Le financement initial du Domaine agricole communautaire (Dac) en cours de réalisation à Sangalkame a été estimé à 4 milliards de francs Cfa. Mais d’après le coordonnateur national du Programme des domaines agricoles communautaires (Prodac), Mamina Daffé, le coût de l’investissement va atteindre 10 milliards de francs Cfa.
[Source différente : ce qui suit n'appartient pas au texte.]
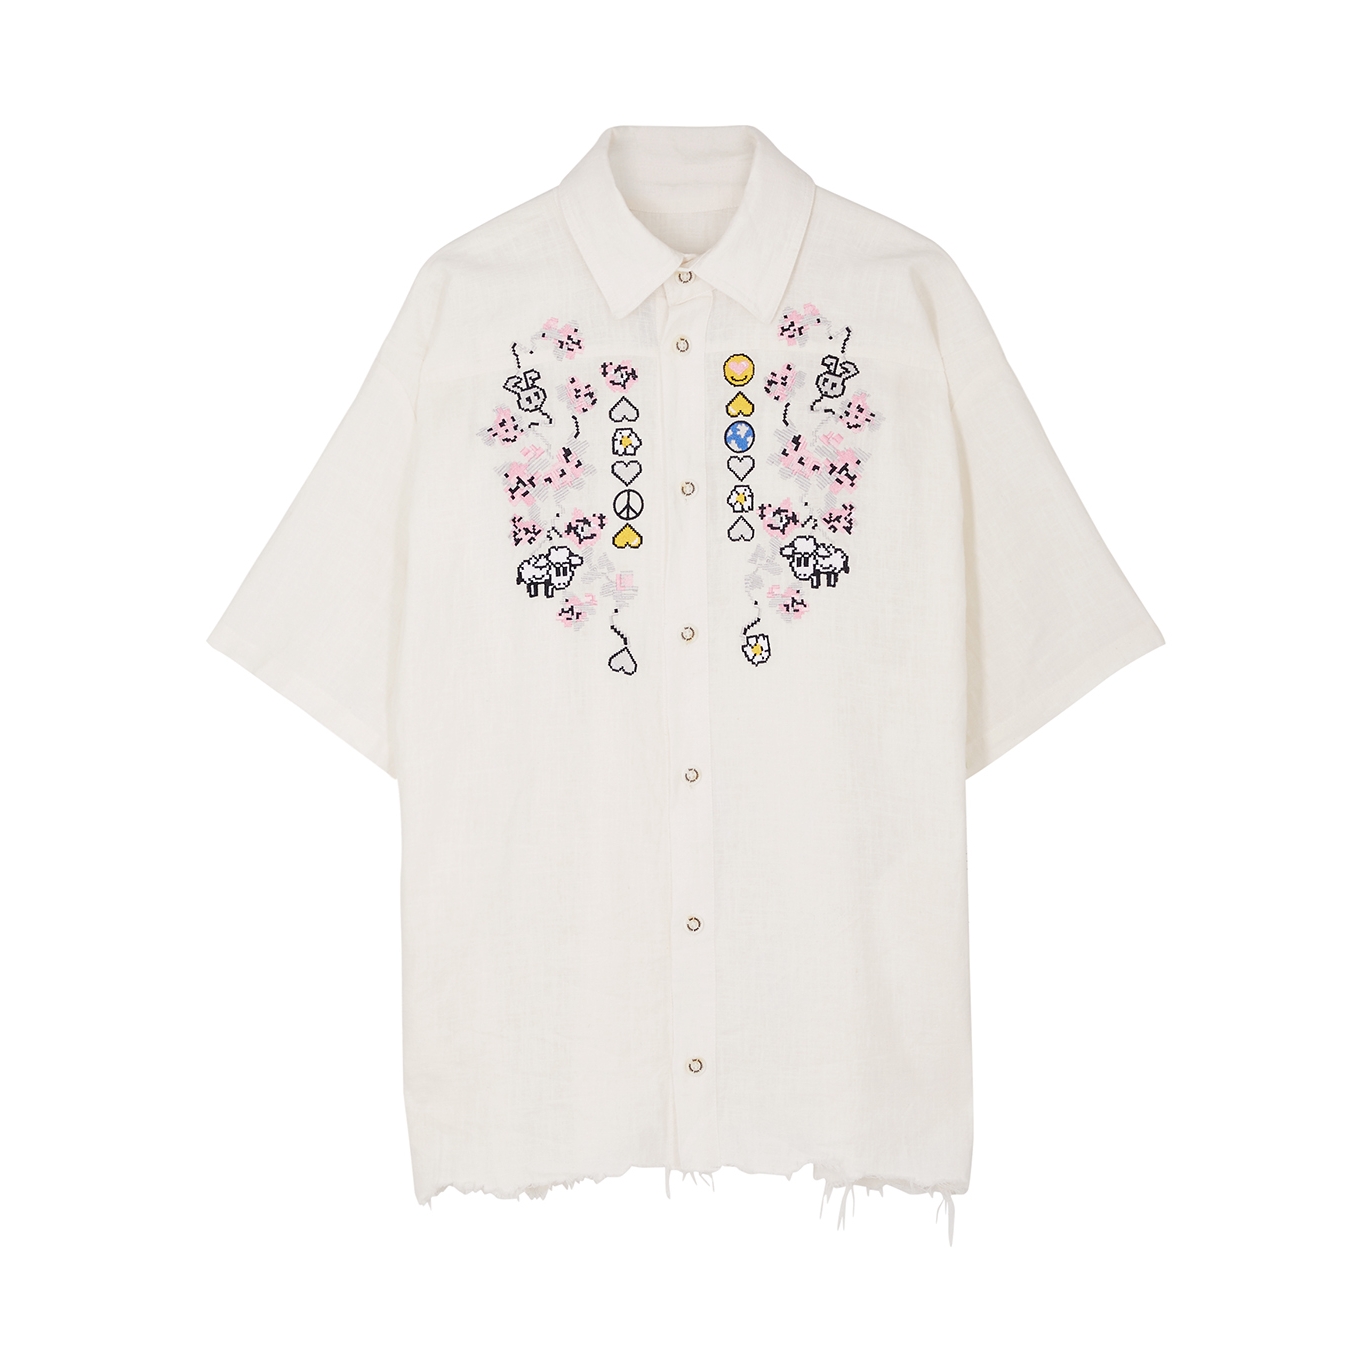 Natasha Zinko Embroidered Frayed Woven Shirt - White - M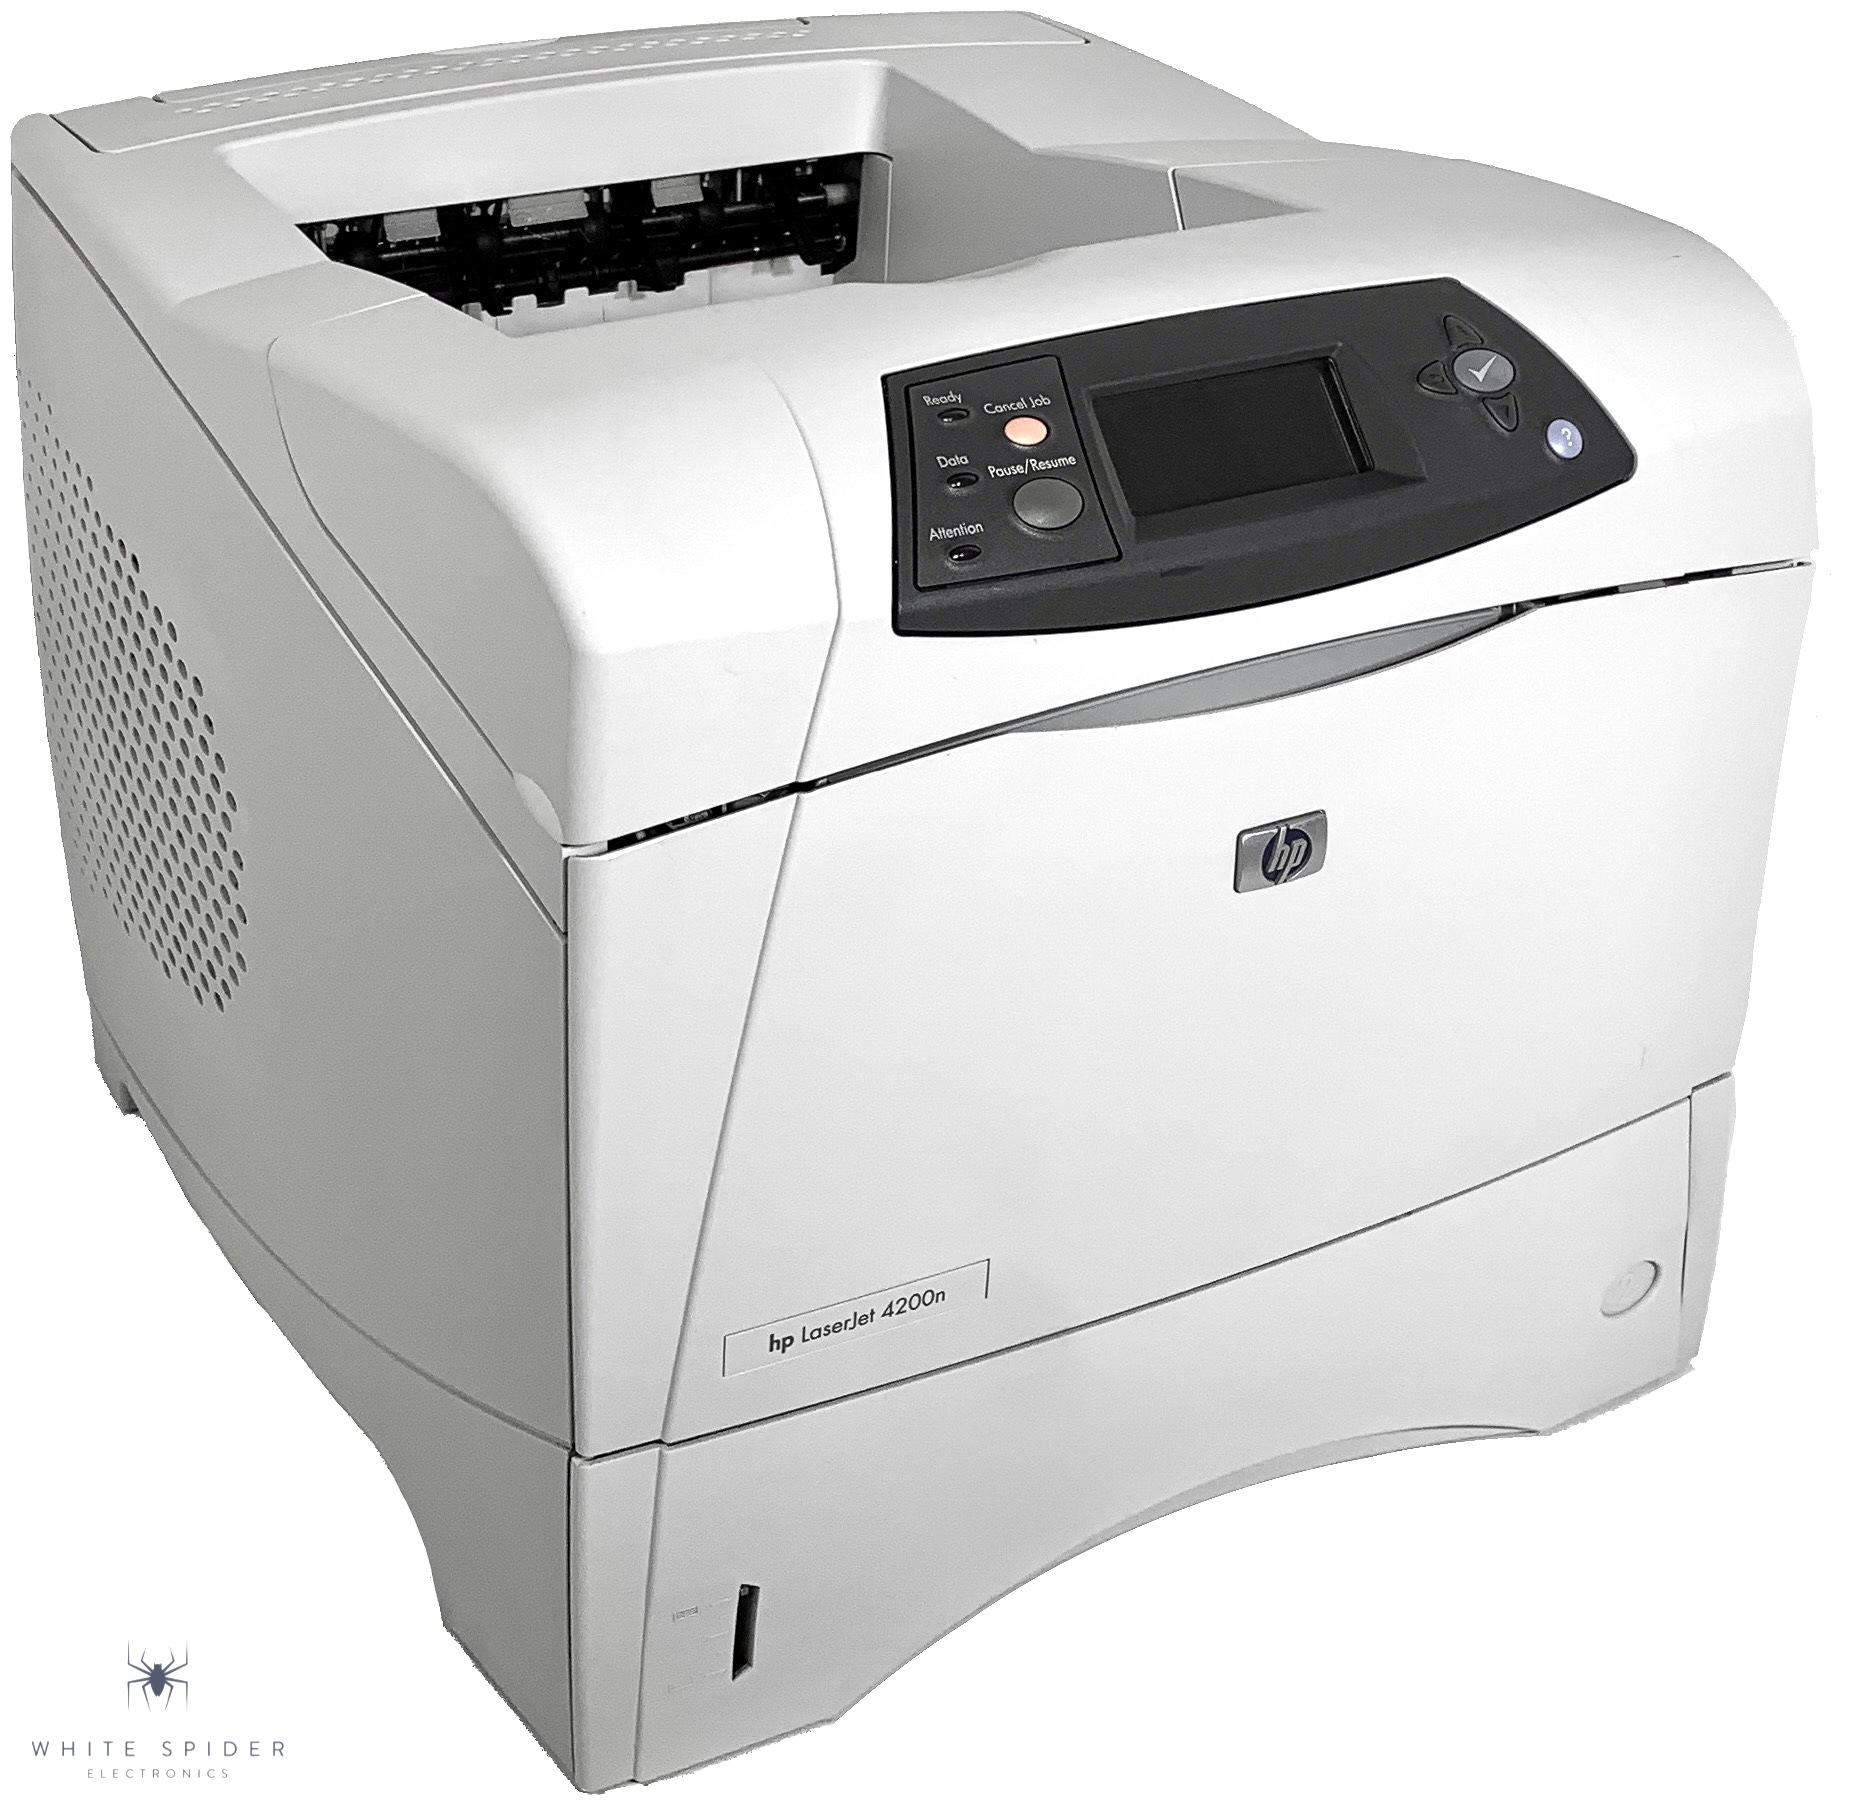 kartoffel sne kat HP LaserJet 4200N Network Laser Printer Q2426A - White Spider Electronics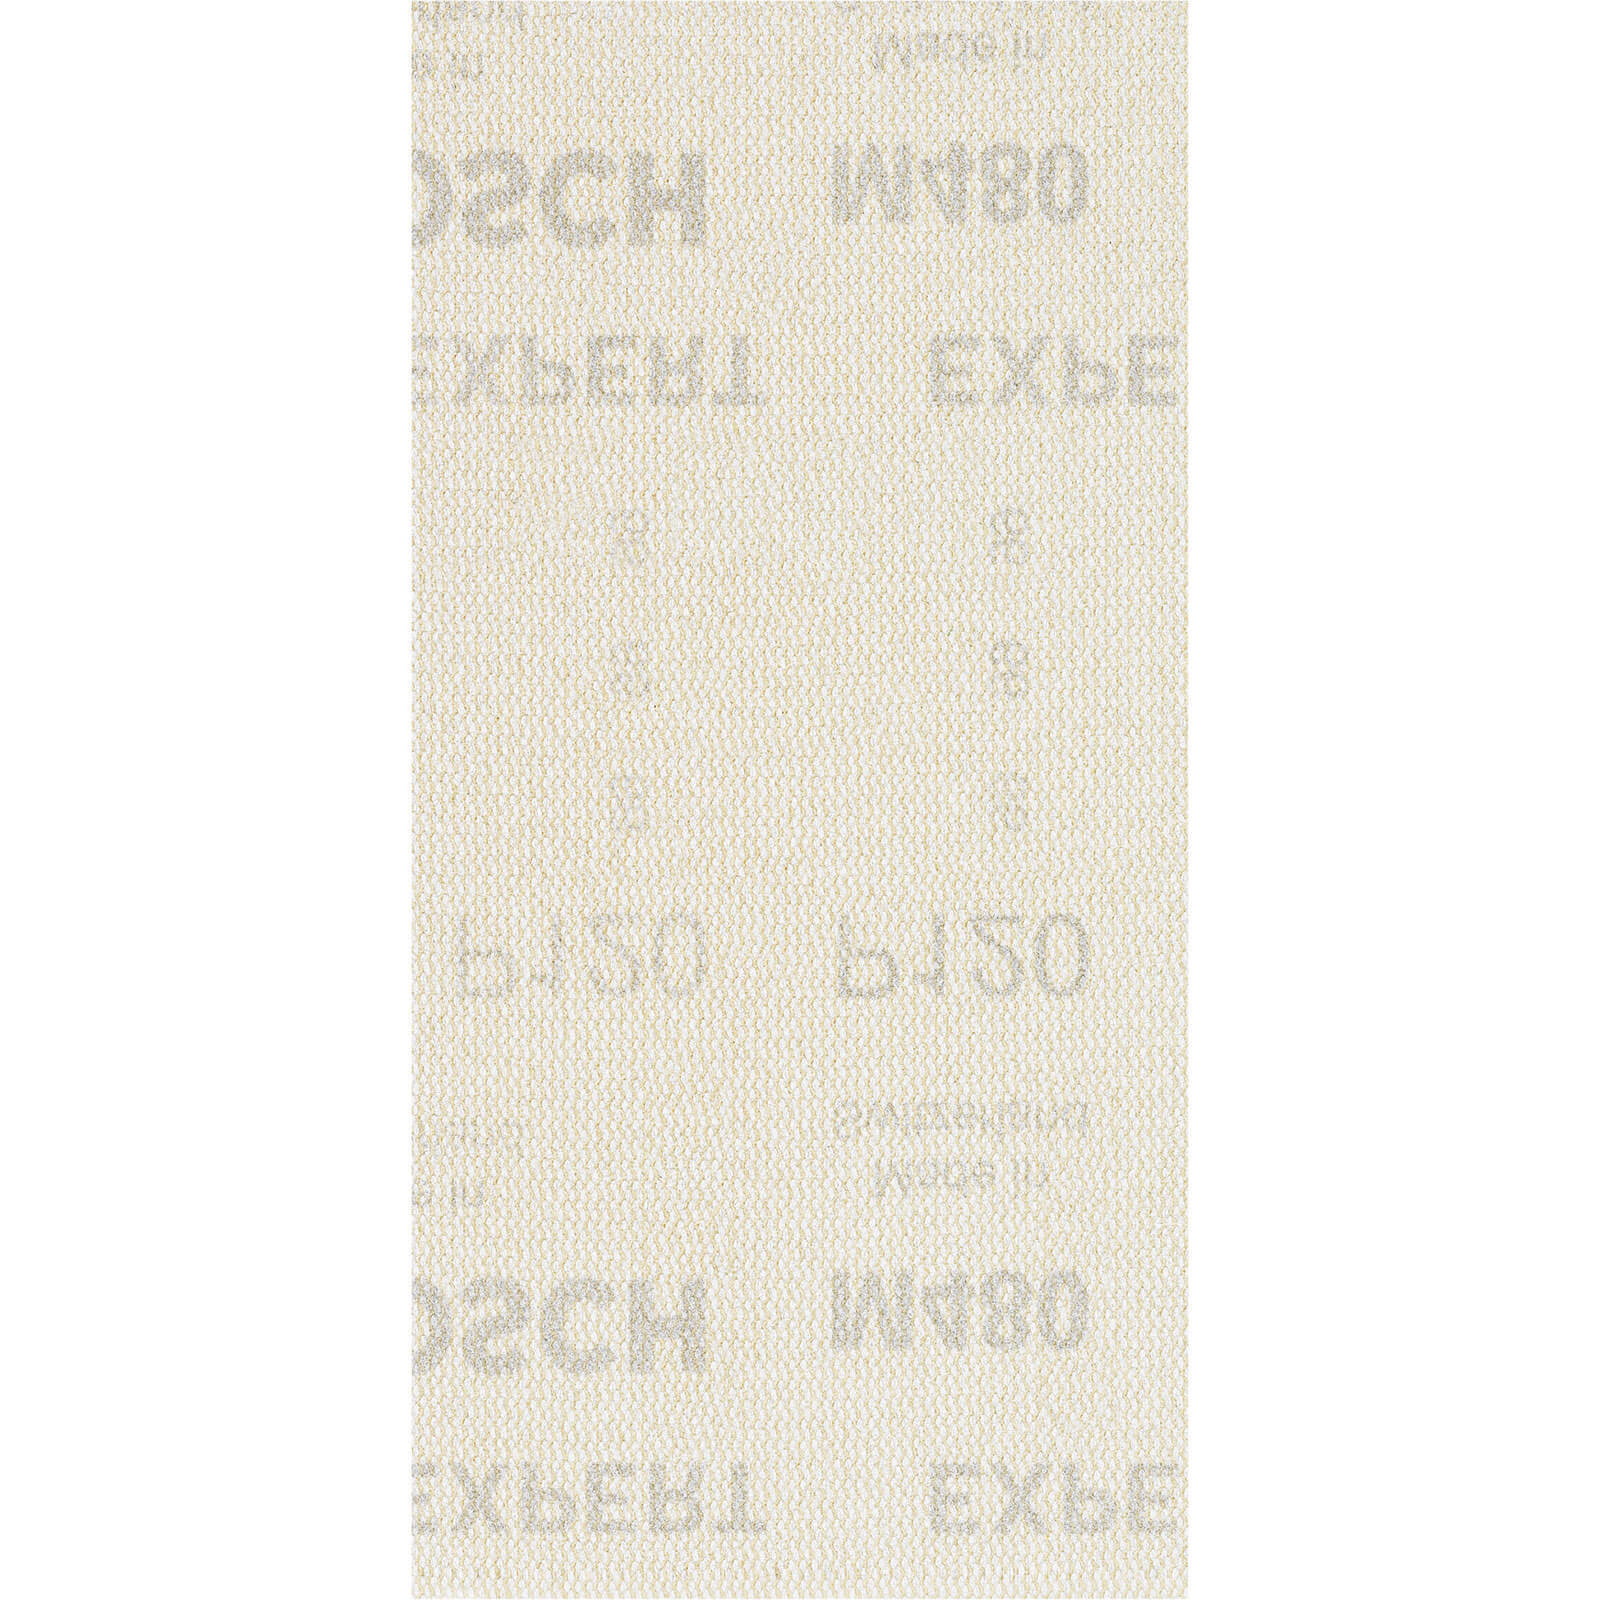 Image of Bosch Expert M480 93mm x 186mm Net Abrasive Sanding Sheets 93mm x 186mm 120g Pack of 50

Le coût de l’investissement du Domaines agricoles communautaires (Dac) prévu pour Sangalkam et environs va atteindre 10 milliards de francs Cfa. Mamina Daffé, Coordonnateur national du Programme des domaines agricoles communautaires (Prodac), l’a fait savoir samedi, lors d’un forum de sensibilisation sur le projet. «Le premier financement de 4 milliards de francs Cfa concerne uniquement les investissements sur les terres de l’Institut sénégalais de recherche agricole (Isra), mais au total ça ira jusqu’à plus de 10 milliards de francs Cfa pour toute la zone», a-t-il fait savoir, tout en annonçant que Déni Youssou (Diamniadio) et Bud Sénégal vont accueillir les autres investissements. Il a aussi indiqué qu’au Dac de Sangalkam, on n’y pratiquera que de la culture sous serres. «On va occuper tous les 500 hectares par le système, nous y travaillons (…)  Il nous faut d’abord une haute intensité de main d’œuvre pour la réalisation des serres», a-t-il expliqué à propos de la réalisation de l’infrastructure qui polarise toute la région de Dakar.
Sur l’objet de la rencontre, le coordonnateur du Prodac explique que «c’est une séance de lancement d’un processus qui va continuer pour que les populations puissent savoir comment faire pour intégrer le Dac et comment faire pour y travailler». M. Daffé est revenu sur les rendements que peut générer ce système. «A Séfa c’est comme par magie. On est parvenu à récolter 500 tonnes d’oignon sur une surface de 10 hectares ; c’est une prouesse», a-t-il servi comme exemple. Le maire de Sangalkam qui a présidé la rencontre s’est félicité que le Dac ait été implanté dans sa commune. Pour autant, Omar Guèye aimerait que les choses aillent beaucoup plus vite. «Faire des serres c’est bien mais en attendant, il faudrait qu’avec les 4 milliards de francs Cfa consacrés au Dac que l’on aménage des superficies importantes, y implante des mini forages et donne aux populations des semences et de l’engrais pour qu’elles commencent à travailler», a demandé le ministre de la Pêche et de l’économie maritime.
C’est le président de la République Macky Sall qui avait procédé le 24 novembre 2018 au lancement des travaux du Dac de Sangalkam. Il avait particulièrement insisté sur le respect des délais des travaux qui doivent durer 4 mois.